Awbury Arboretum apiary celebrated at Waggle Dance
On Friday night Awbury Arboretum’s Francis Cope House glowed from strings of lights and candles. The historic house was transformed into the setting for an old-fashioned summer social. Friends and neighbors gathered at dusk on the spacious wrap-around porch to groove to The Hot Club of Philadelphia’s jazz as the arboretum held its first Waggle Dance.
The dance was held both to benefit and celebrate Awbury’s Green Sanctuary Community Apiary, built in partnership with Green Sanctuary Earth Institute (GSEIPA). The apiary features four hives which house about 200,000 honey bees, and serves as an educational tool to help people understand more about bees’ ecological importance. The waggle dance is what entomologists call the figure-eight dance honey bees use to share information with colony members.
Beekeeper, Anaiis Salles, explained that the hives are a way to “hold the line for bees” while a solution is being found for the problem of colony collapse disorder, a phenomenon which leads to the death of a hive. Salles said Pennsylvania has been earmarked as a state with massive die-off of its honey bees. Commercial beekeepers are still losing around 30 percent of their hives each year. Colony collapse disorder is thought to be caused by several factors, including pesticides and genetically modified crops.
Awbury Arboretum is an urban sanctuary for bees. Salles noted that these days honey bees fare better in urban areas because they are not dealing with toxic loads as high as they might typically encounter in rural areas, such as dust from corn and soy fields. Awbury’s pesticide-free 55 acre tract provides plenty on which honey bees can forage including a linden (or basswood) tree that is over 100 years old. The tree’s small, nectar-filled blossoms are very important in honey production. “The bees love it,” Salle exclaimed.
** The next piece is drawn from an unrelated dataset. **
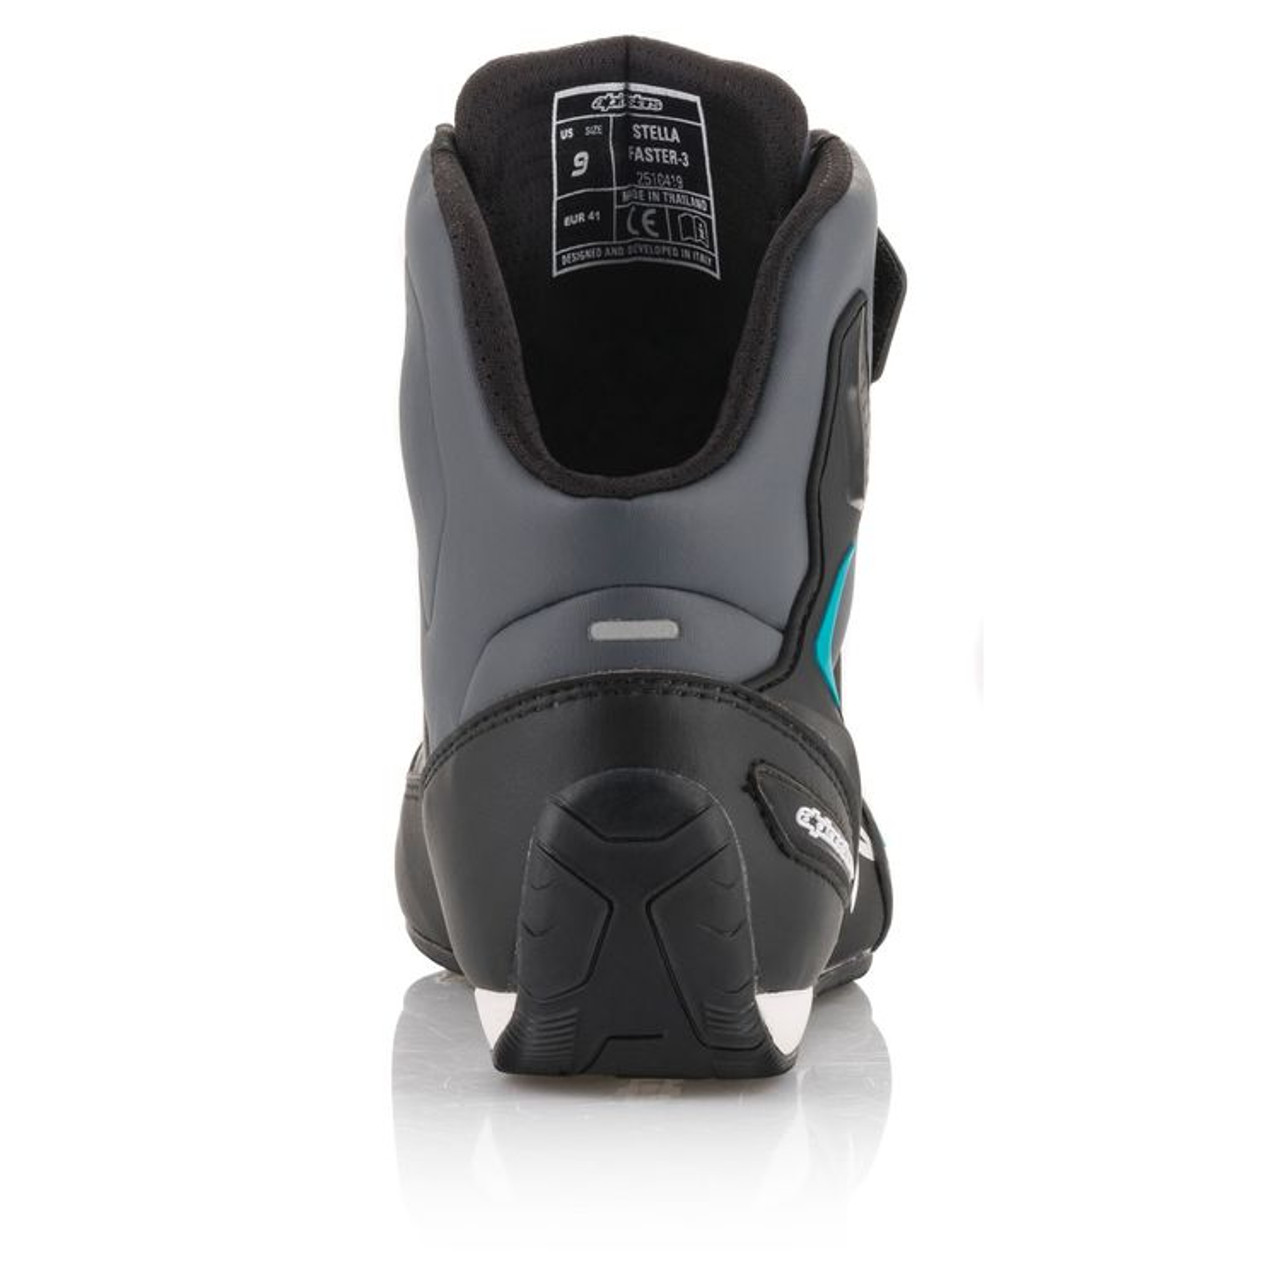 6.5 Black//Silver Alpinestars Women/'s Stella FASTER-3 Street Riding Shoes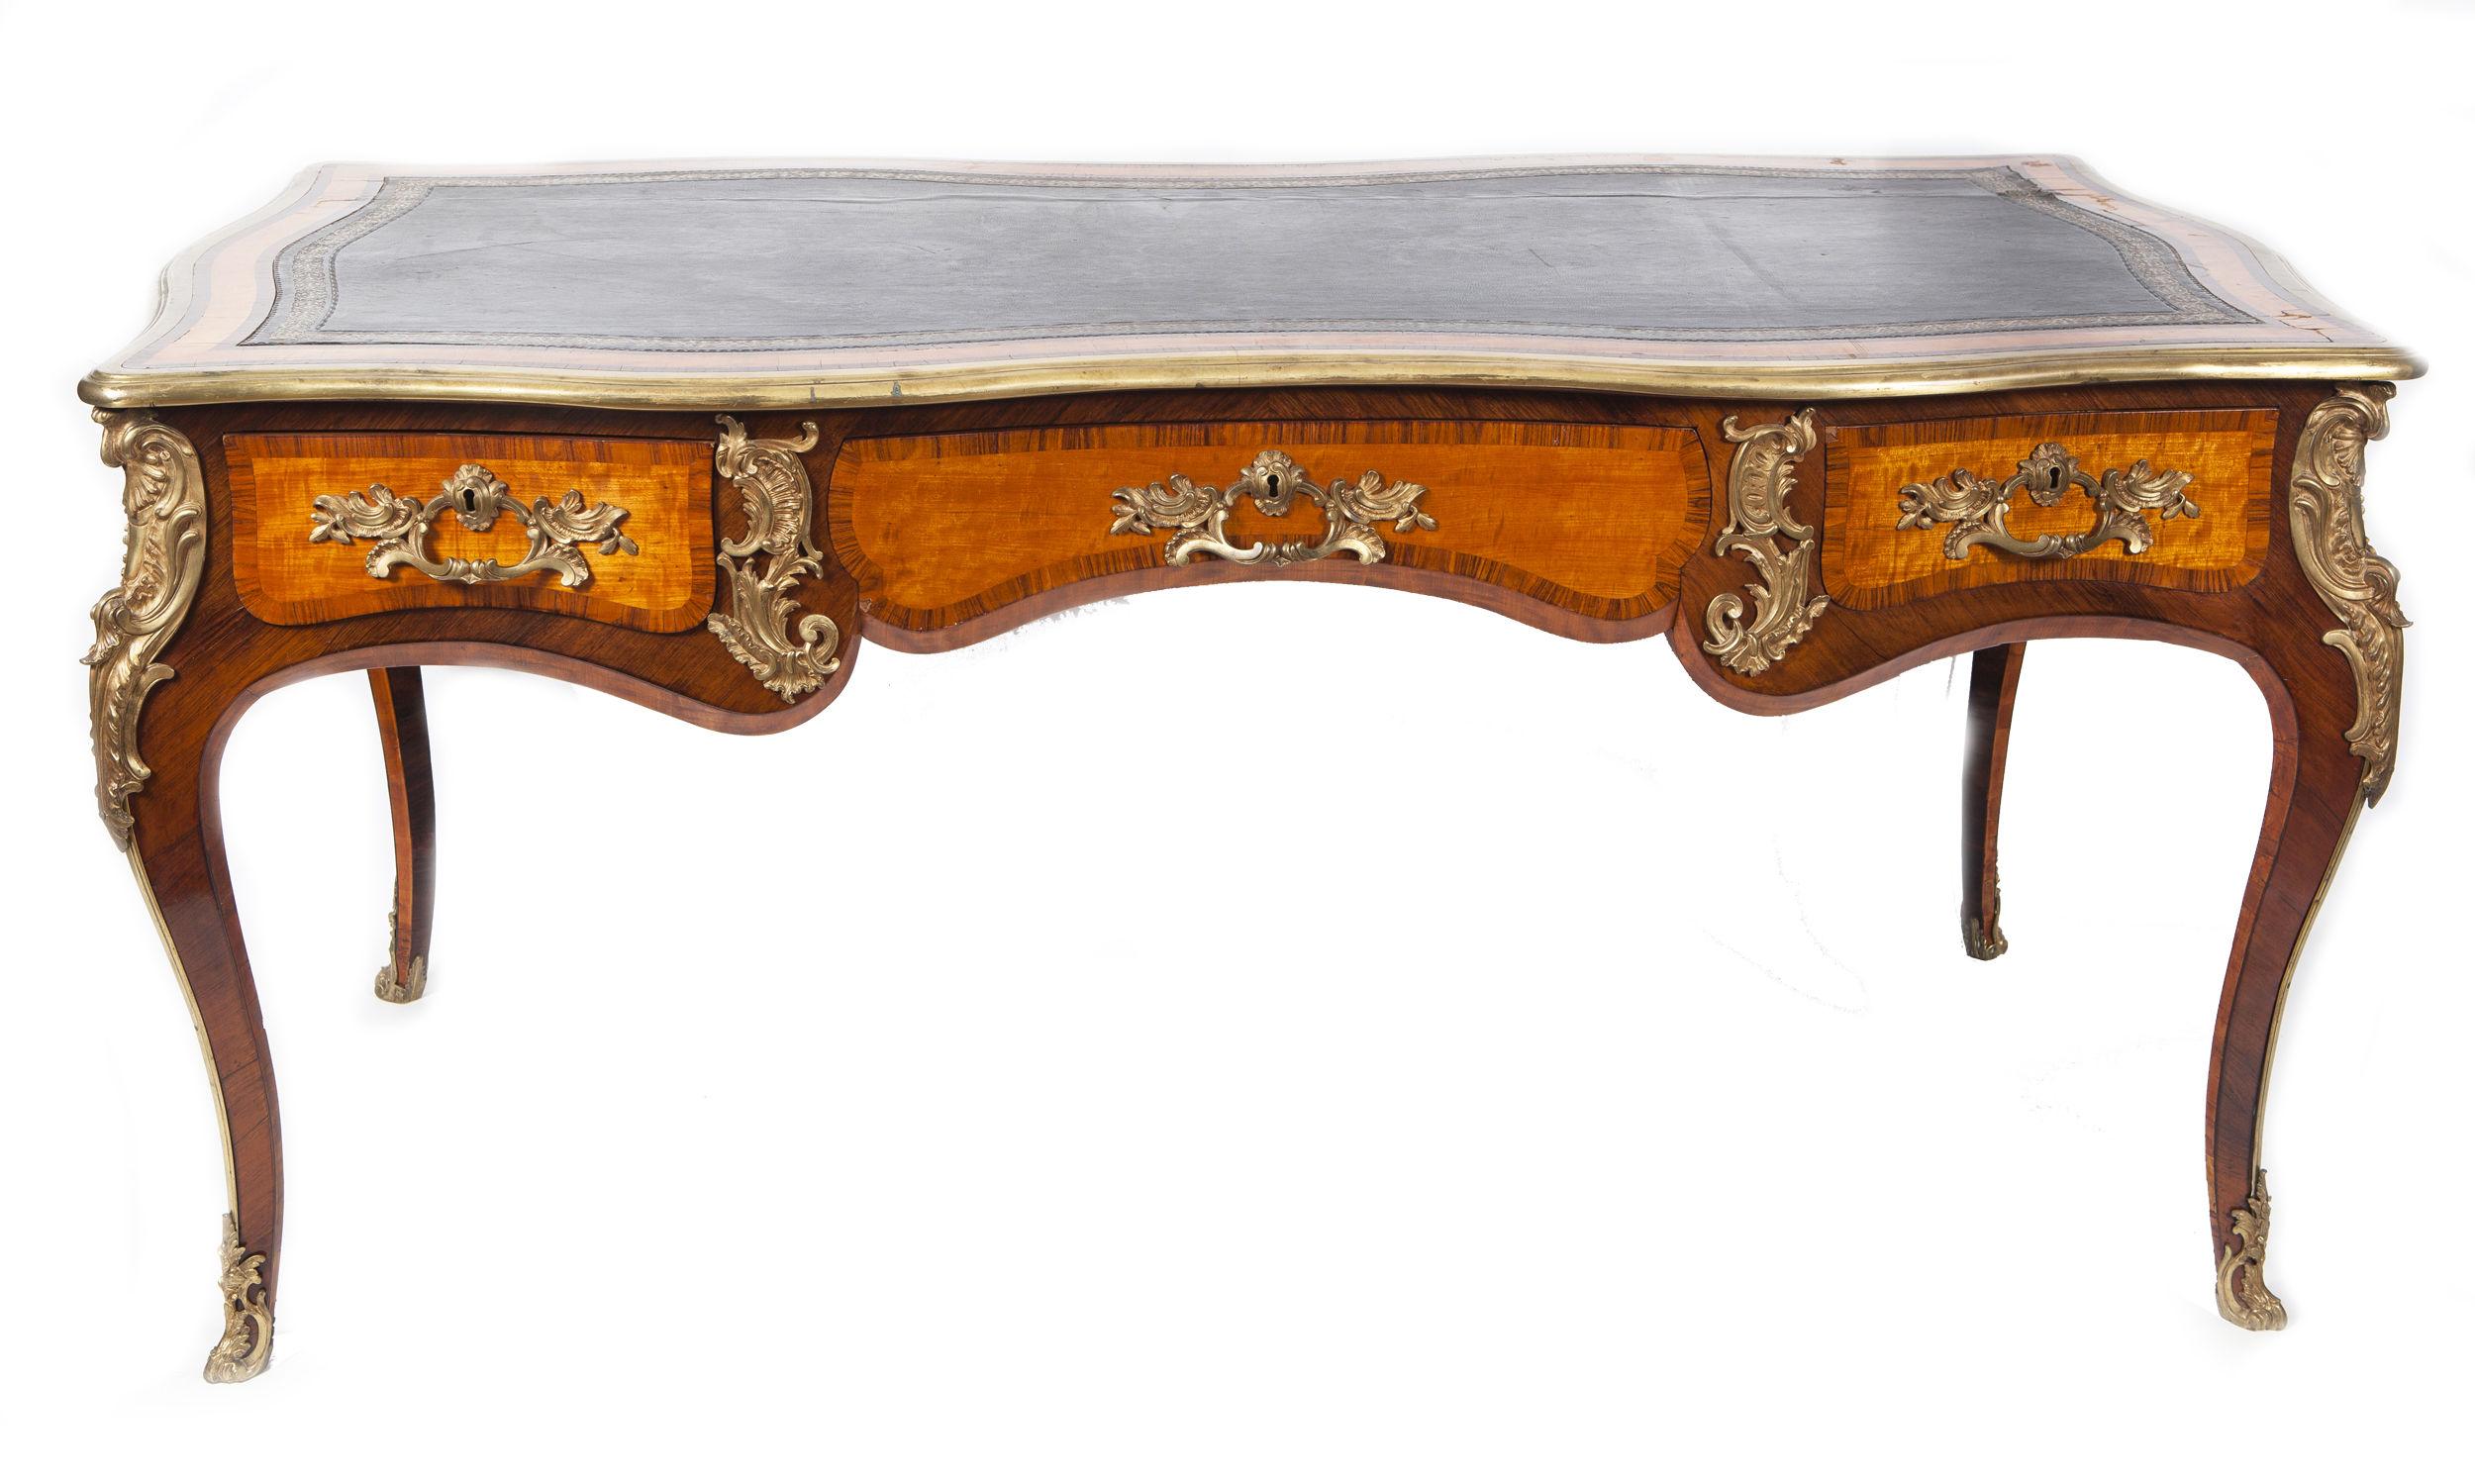 Antique bureau plat 19th century english for Bureau in english

Near neighbor, Rev. Chester H. Williams, founder and president of the Chew and Belfield Neighbors Club remarked that he has seen an increase in bee activity around his property and a better harvest from his garden as a result of Awbury’s community apiary. Rev. Williams and his wife came out to support the longtime partnership between the arboretum and the neighborhood association. “I don’t know what a waggle is,” he admitted, curious to learn more.
Organizers hope that events like the Waggle Dance are helping to boost the visibility of the arboretum as a public gathering space. Rev. Williams said that many in the neighborhood had long believed the grounds to be private property. He credited Awbury Arboretum’s current outreach programming in changing this perception.
The arboretum began hosting urban beekeeping courses earlier this year.